9. according to the method for claim 7 or 8, wherein in addition to gasses, also being obtained from gas/liquid treatment and Disengagement zone The intermediate liquid stream of heavy liquid stream, boiling point less than 380 DEG C and the stream of sour water is mainly contained, the heavy is streamed into hydrogenation and is turned Change the second separator of reactor downstream, and the separative element that the intermediate liquid is streamed to atmospheric stripping device downstream.

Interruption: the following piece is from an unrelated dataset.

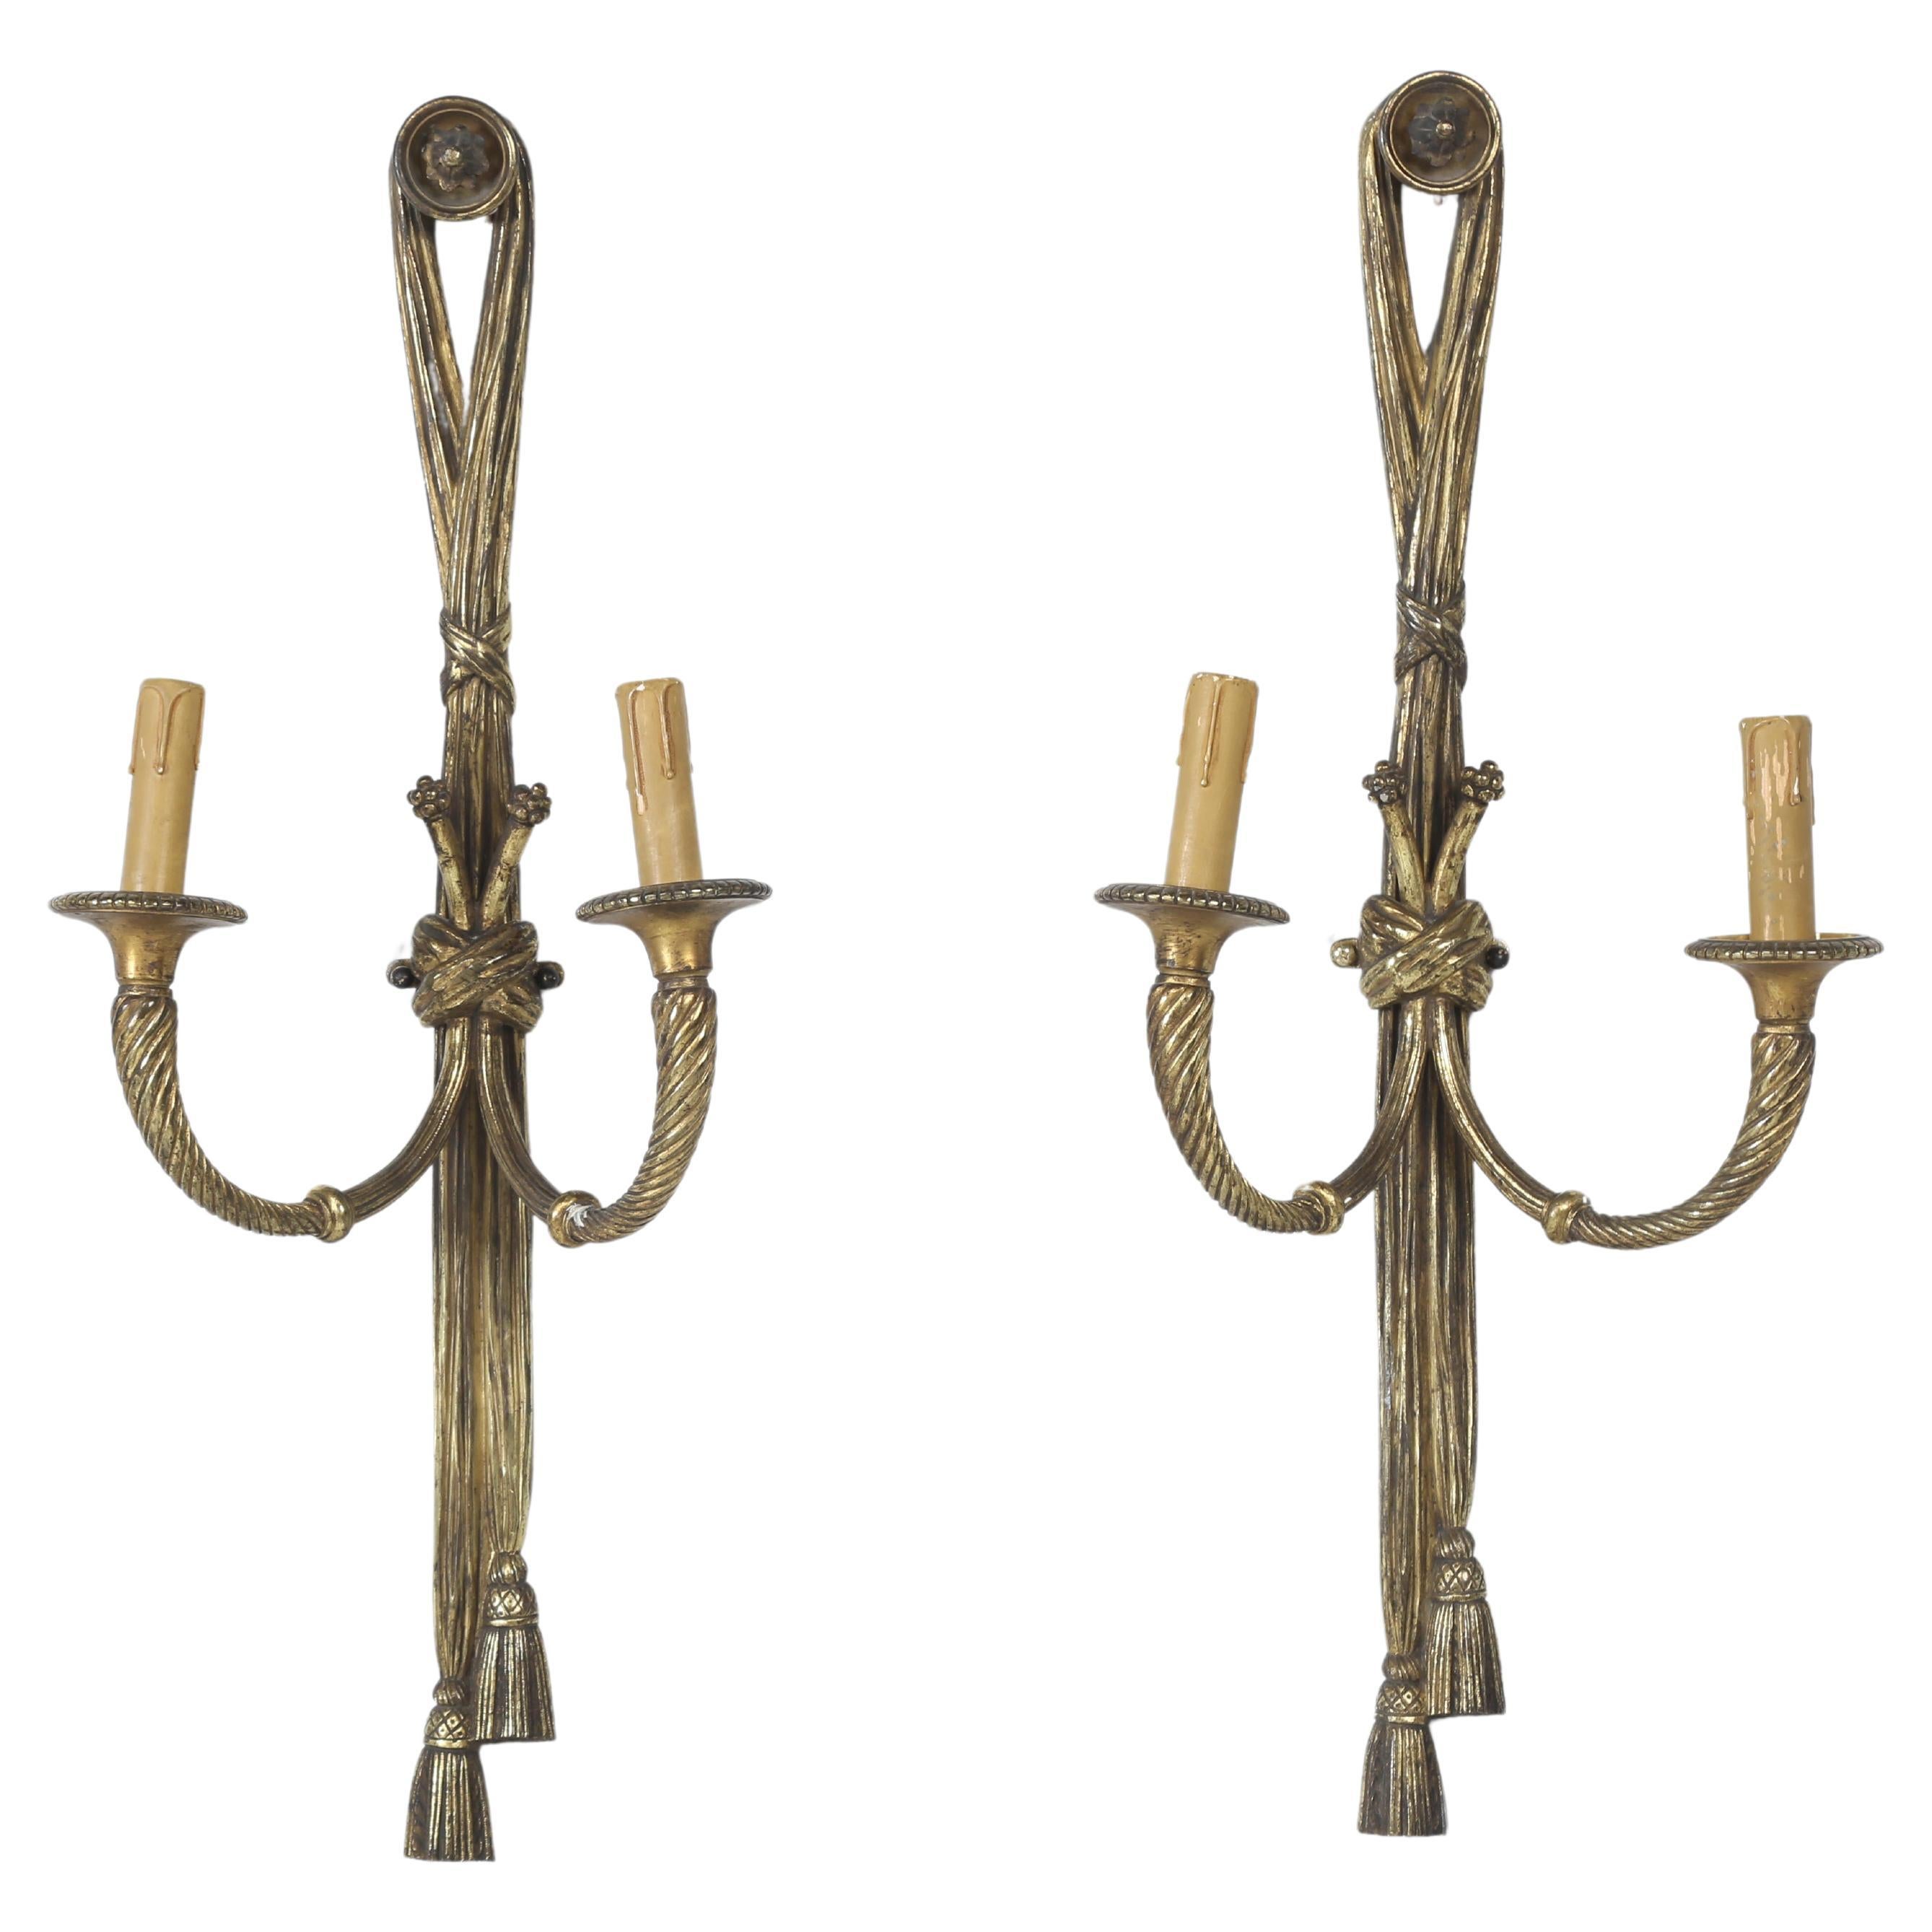 Exceptionally Fine Pair of late 1800s Louis XVI style French Gilt Bronze Sconces For Sale

10. method according to claim 7, wherein by heavy liquid residue and gaseous state flow separation in the first separator, Liquid flow and the second gaseous flow are separated in second separator, it is fed with the weight obtained in gas/liquid treatment and Disengagement zone Matter liquid flow, the gaseous flow that will come from the first separator merges with the second described gaseous flow, or is sent to the second separator, The described stream for leaving the second separator is all supplied to atmospheric stripping device different height point, and weight is obtained from described atmospheric stripping device Matter liquid flow and light liquids stream, are fed to separative element to obtain at least three kinds cuts, and by one of its, boiling point is higher than The cut of 350 DEG C of most heavy is sent to hydrodesulfurization and/or the Hydrocracking unit (HDS/HDC) of heavy gas oil, one Boiling point be 170-350 DEG C, the boiling point of one is C₅The boiling point of product is to 170 DEG C.

11. according to the method for claim 8 or 10, wherein the heavy residue that the first separator is separate and atmospheric stripping device point From most heavy liquid stream both be supplied to multi-functional true dummy cell in different levels, obtain the heavy in addition to gaseous flow The light liquids stream of residue and boiling point higher than 350 DEG C, hydroconversion reactions device is recycled to by the heavy residue, and will be light Matter liquid streams to hydrodesulfurization and/or the Hydrocracking unit (HDS/HDC) of heavy gas oil.

12. methods according to claim 1, the catalyst of the wherein nano-dispersed is based on molybdenum.